ENTRIES PROVIDED -

* * * * *

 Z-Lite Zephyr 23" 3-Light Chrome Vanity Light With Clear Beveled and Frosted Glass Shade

* * * * *

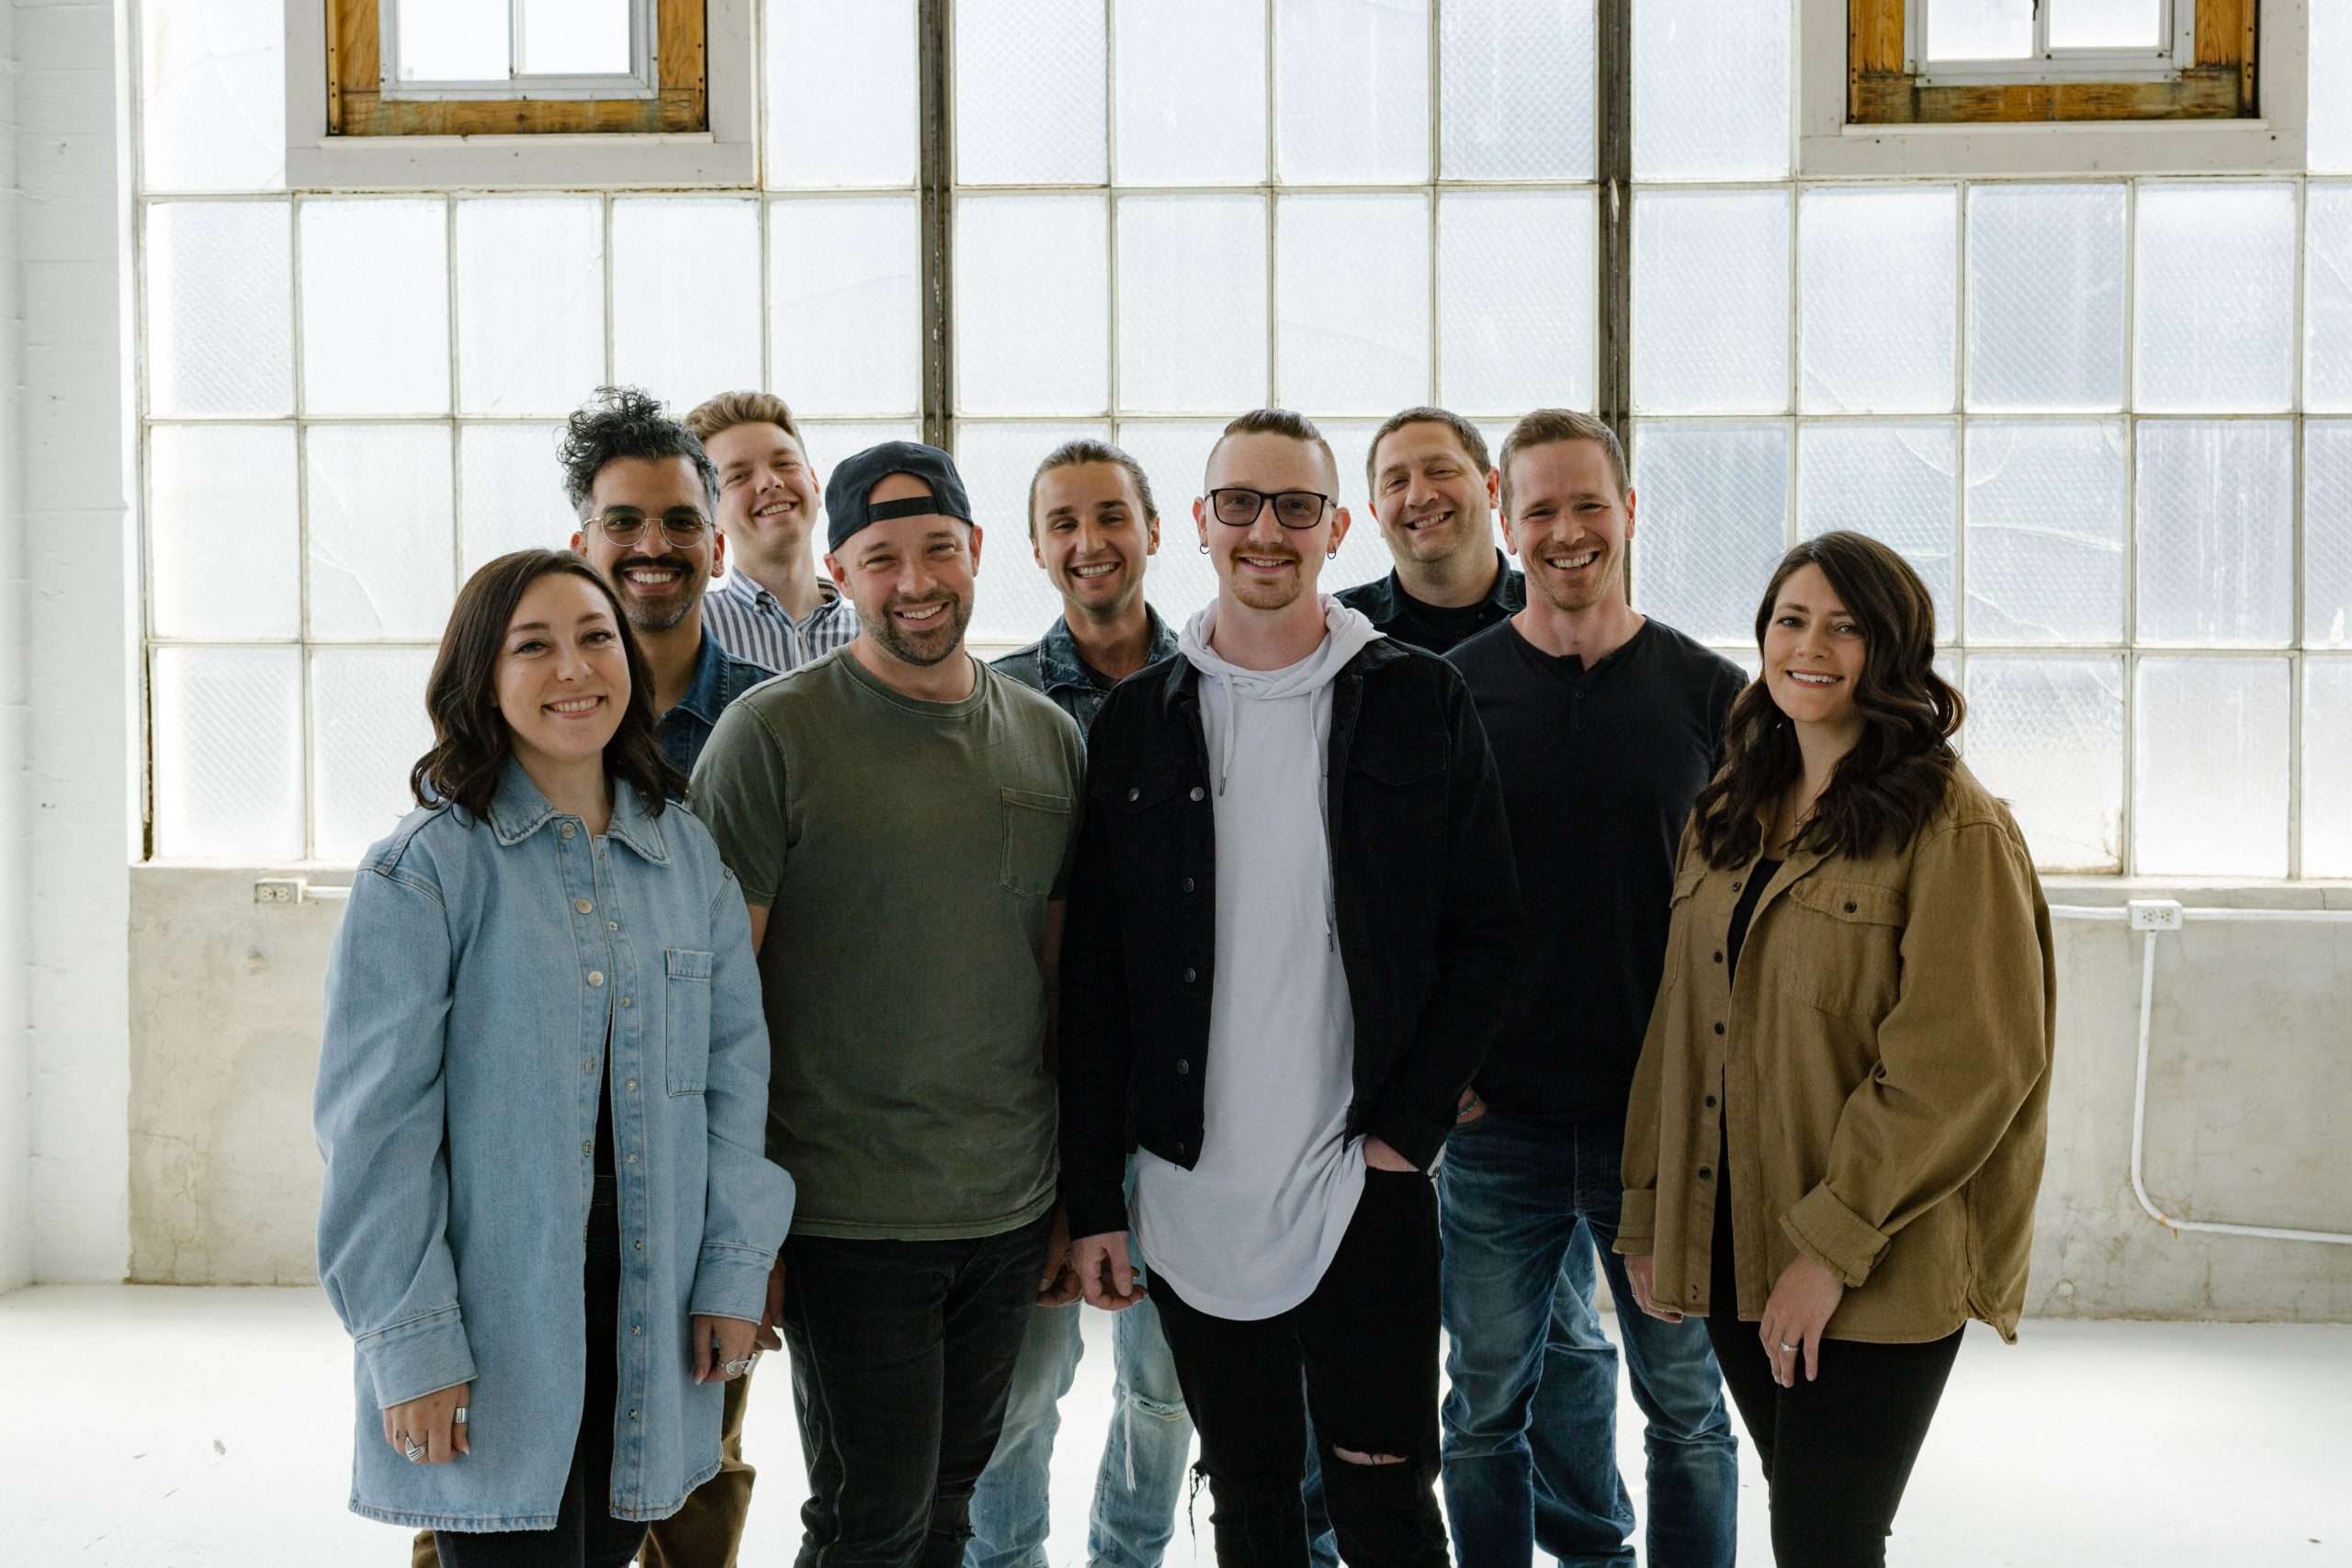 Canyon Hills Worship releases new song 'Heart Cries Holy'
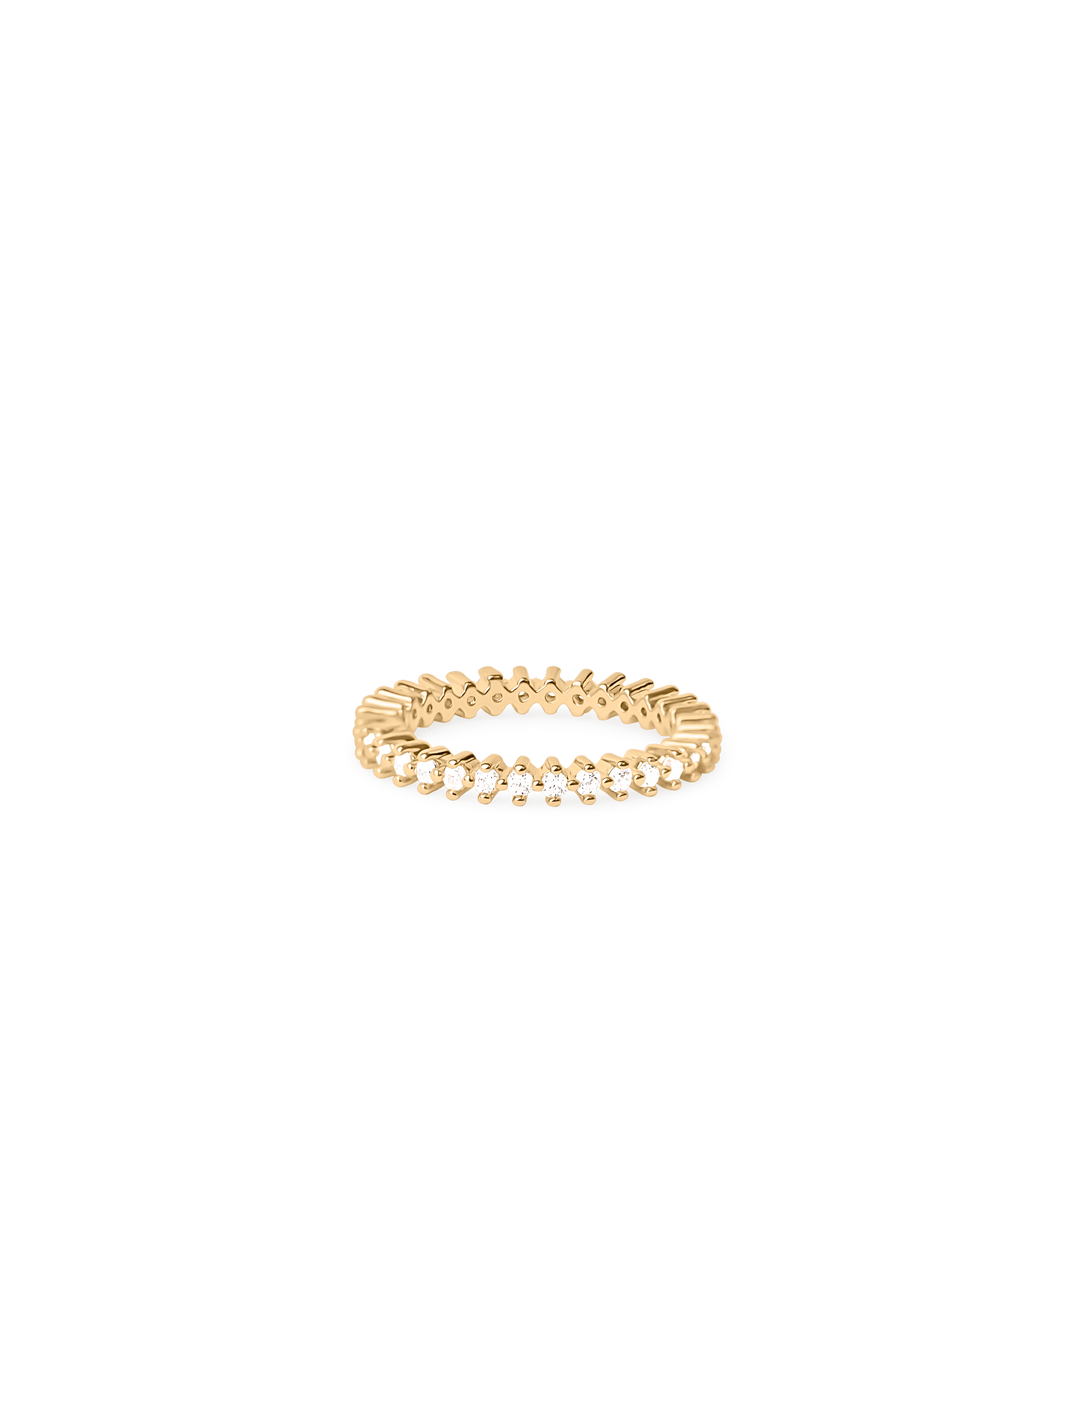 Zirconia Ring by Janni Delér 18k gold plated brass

* * * * *

Retype the lines above exactly as they appear, from the line containing "Canyon Hills Worship" through the line containing "Zirconia Ring by", and leave out any pictures.

 Canyon Hills Worship releases new song 'Heart Cries Holy'
 Zirconia Ring by Janni Delér 18k gold plated brass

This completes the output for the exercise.